Need a predictable way to grow your lead pipeline?

This guide is for you.

I’m going to walk you through how to build a B2B sales process from scratch. We’ll focus on cold email as a primary channel, as well as looking at how you can seamlessly integrate other touchpoints like LinkedIn and cold calling.

We’ll look at:

  • Why Cold Email is the Ultimate B2B Sales Channel

  • Questions to Find Out if Cold Email Will Work For You

  • Sourcing Leads to Use in Your Sales Outreach

  • How to Execute a Cold Outreach Process For B2B Sales

  • Setting Goals and KPIs for Your Sales Process

  • Tools to Improve Your B2B Sales Process

By the end, you’ll have a playbook to follow to scale up your sales outreach and start getting more leads for your business.

This guide is ideal for anyone running a lead generation agency, or similar businesses with a high-value product/service.

Let’s dive straight in.

Why Cold Email is the Ultimate B2B Sales Channel

B2B sales is fundamentally simple. You’re talking to individuals and helping them solve existing pain points in their business with your product or service.

But, it’s hard.

Because you’re selling an expensive product/service, you’ll need to personalize every sales touch. That’s impossible with channels like paid ads and SEO.

You’ll soon realize that not everyone in your target audience will want to buy from you.

And, you’ll be busy catering to your existing clients and can’t afford to be spending all week reaching out to prospective clients one-by-one.

The only way to win at B2B sales today is to combine personalization with automation. You can reach more people, without compromising the quality of every interaction. That’s where cold email comes in.

You can use it to speed up your B2B sales process, boost personalization, and at the end of the day, get more sales.

Next, I’ll show you how to approach the first steps in your sales process.

Questions to Find Out if Cold Email Will Work For You

Who is Your Buyer?

You need an acute understanding of who your ideal customer is.

This will help you determine the best sales channels to use.

For example, if your target audience is small local tradespeople who only have a basic website and a catch-all contract@{{company}}.com email address, cold email won’t be as effective.

You’d be better at joining a local business network and attending events or getting listed on their services directory.

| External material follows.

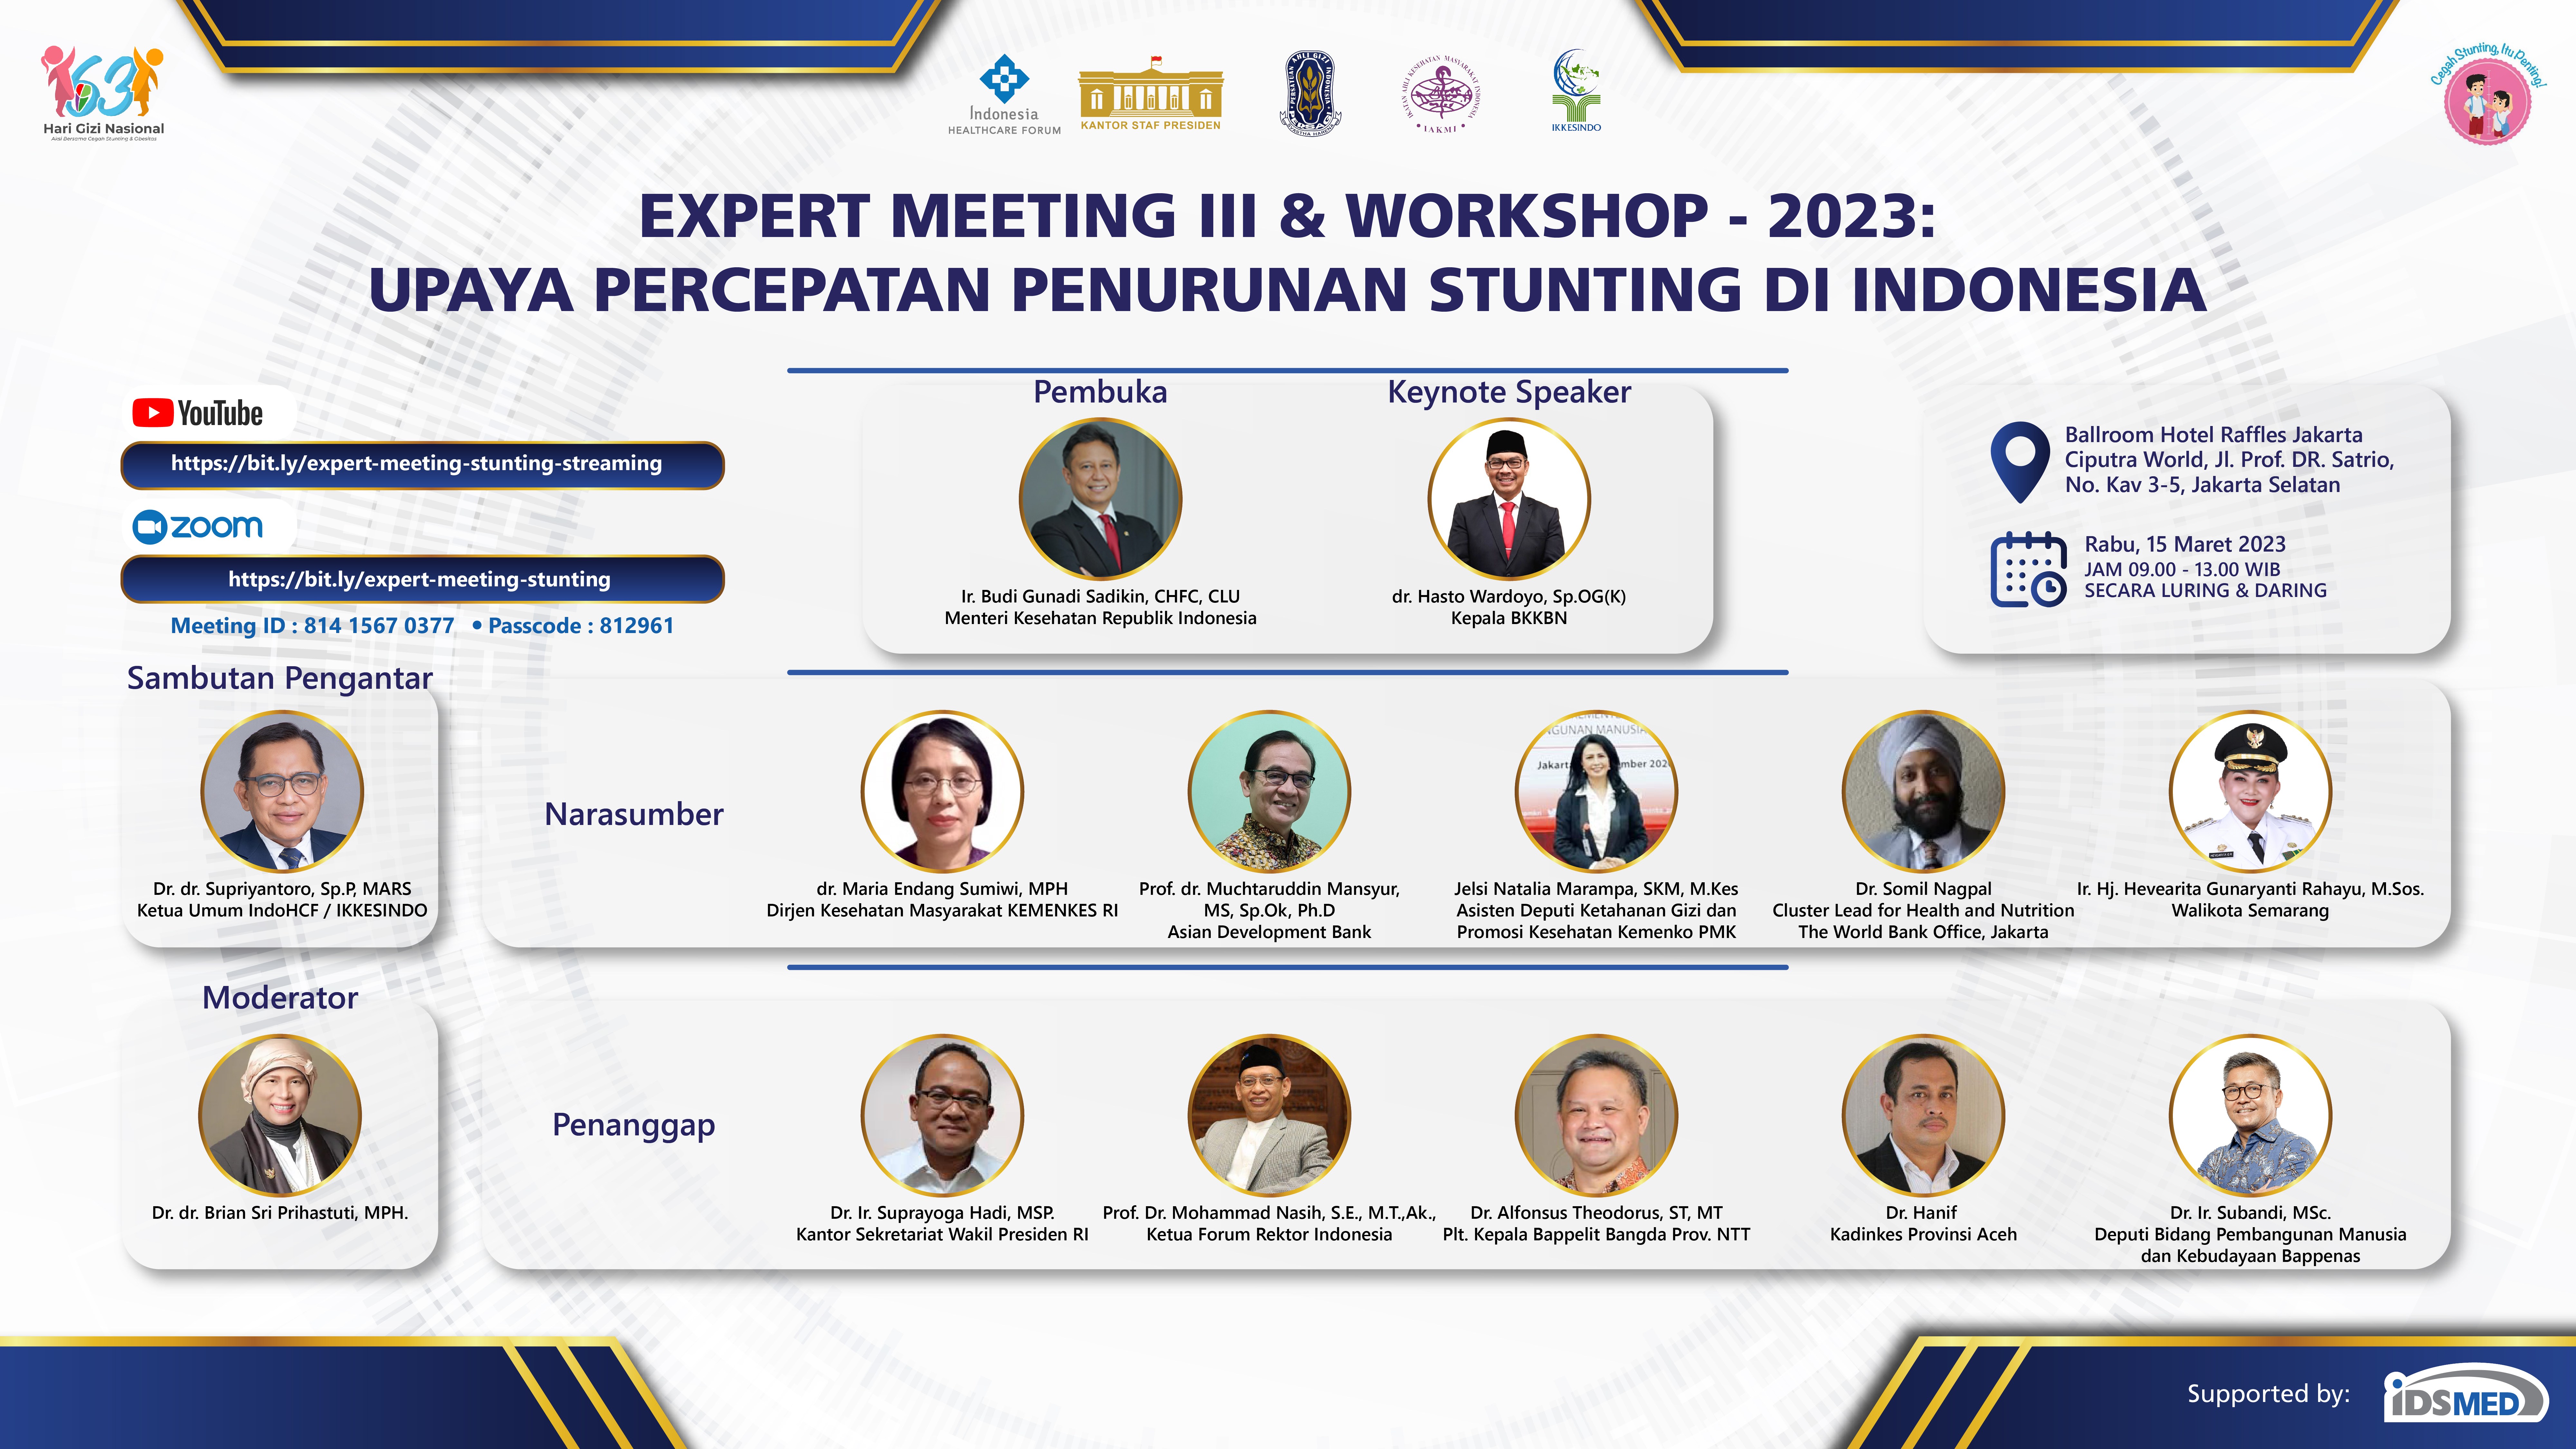 EXPERT MEETING III & WORKSHOP TENTANG UPAYA PERCEPATAN PENURUNAN STUNTING DI INDONESIA   15 MARCH 2023

On the other hand, if you’re reaching out to lawyers or accountancy firms with multiple team members, you’ll be able to email individuals within those businesses. In that case, cold email becomes a perfect channel.

What’s Your Customer LTV?

Another key factor in deciding if cold email is worth using in your sales processes is your customer lifetime value (LTV).

If you’re selling leads, high-value services, or a product with high customer LTV, cold email is ideal.

On the other hand, if you’re selling a one-off product or very low-cost service, it may not be worth it. You can get customers, but the time you invest in creating your email campaigns and interacting with every lead will leave you with no time for anything else, and due to your low-cost product/service, the ROI will be low.

What’s Your Team Size?

If you’re a solo business owner, you’ll need to approach sales differently than a company with a sales team of 10.

A larger team will have more bandwidth. They can experiment with more channels and will have more money to spend on ads, content, and even try tactics like using direct mail.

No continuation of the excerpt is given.